From the records below, copy out exactly the lines from the one containing "チョン・ソミ - GAME PLAN (EP Album) 写真集 Ver. 2セット" to the one containing "Shetland Sheepdog Tissue Topper", both included. Add nothing else.

§ **SUPPLIED RECORDS**:
★ ★ ★

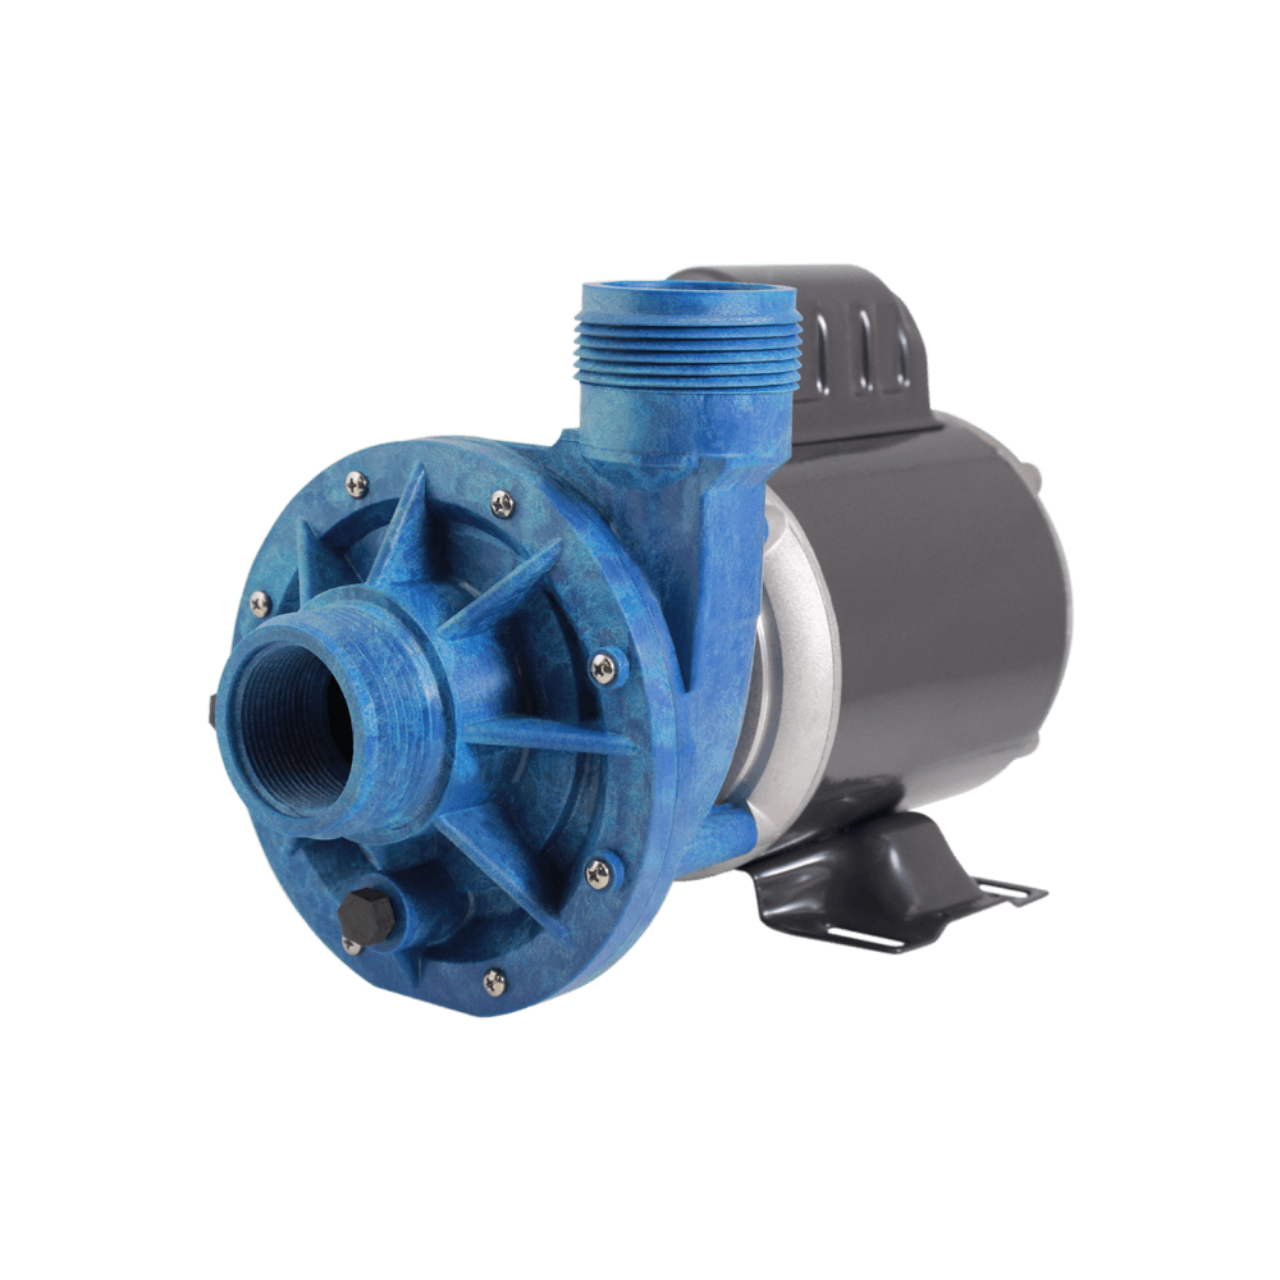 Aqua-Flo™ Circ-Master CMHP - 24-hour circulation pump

★ ★ ★

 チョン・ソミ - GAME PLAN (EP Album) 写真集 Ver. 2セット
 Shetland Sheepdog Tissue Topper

★ ★ ★

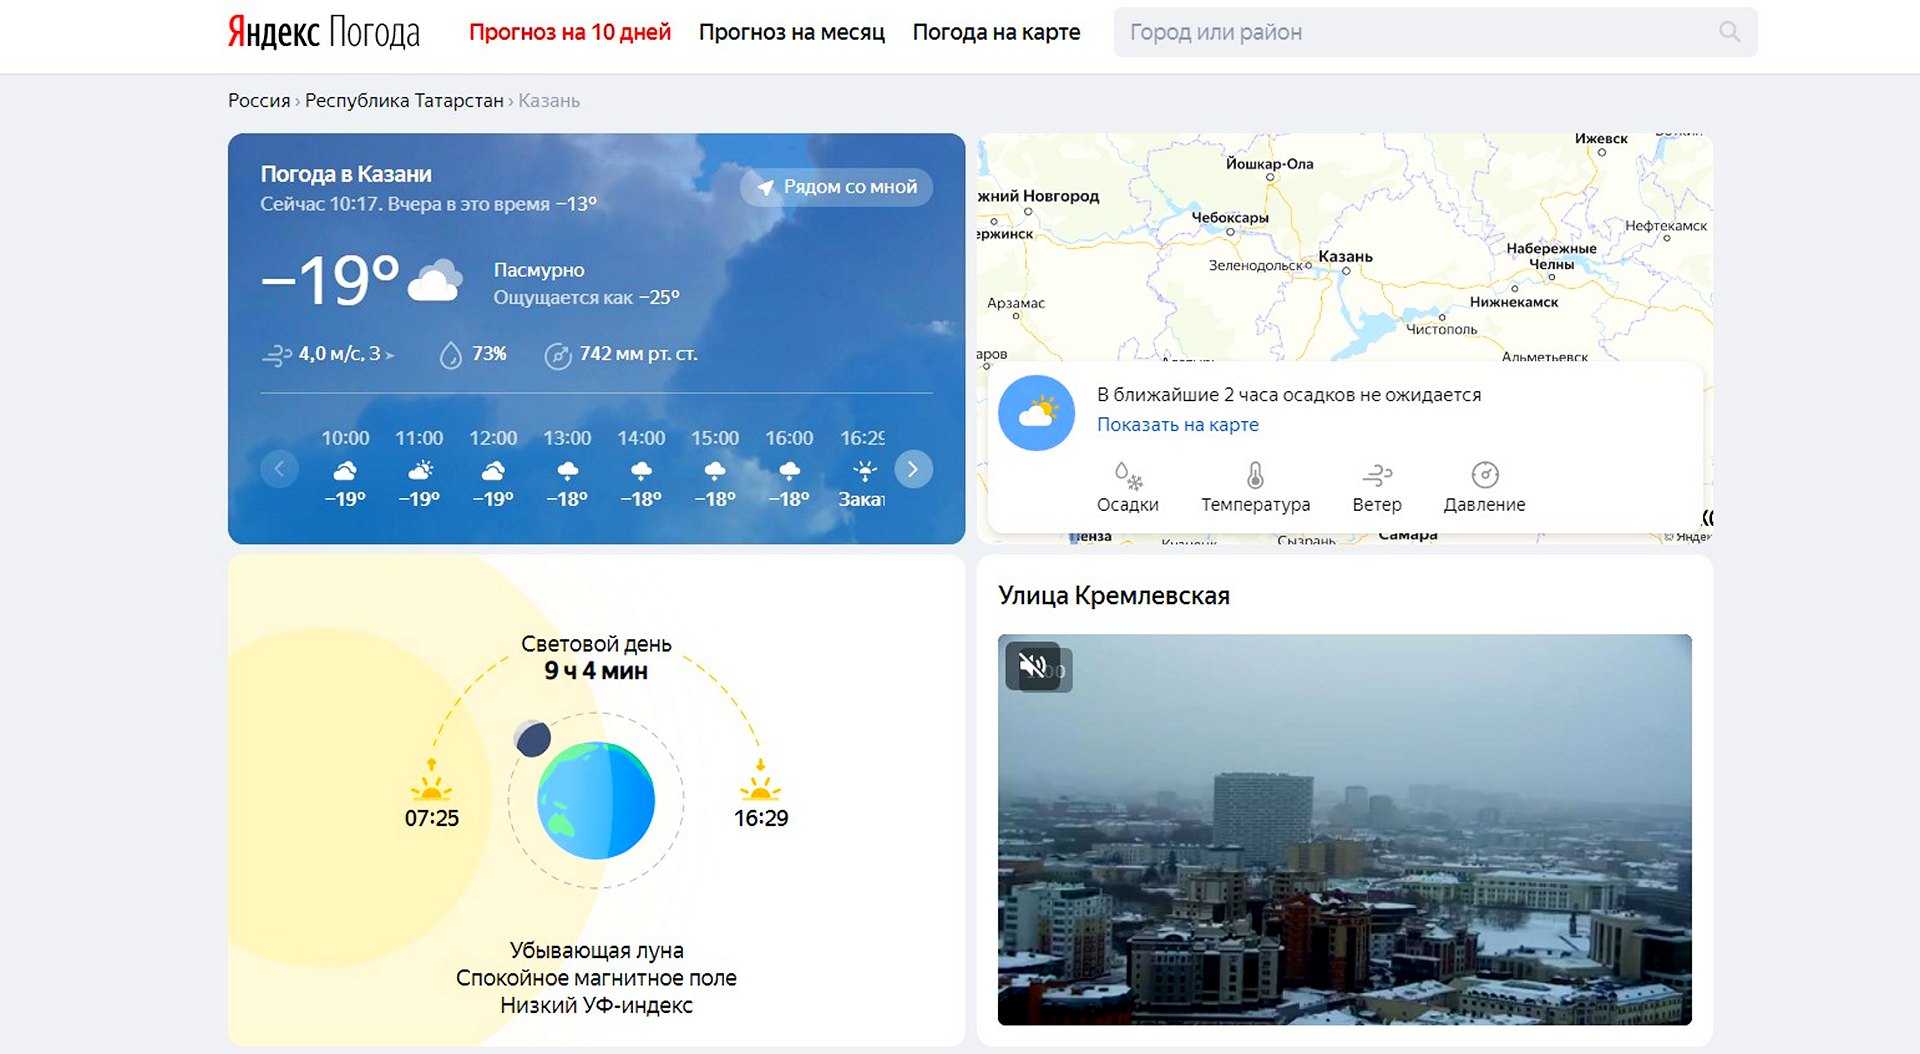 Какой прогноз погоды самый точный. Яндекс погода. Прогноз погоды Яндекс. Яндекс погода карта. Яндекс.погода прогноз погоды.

★ ★ ★

§ **RESPONSE**:
 チョン・ソミ - GAME PLAN (EP Album) 写真集 Ver. 2セット
 Shetland Sheepdog Tissue Topper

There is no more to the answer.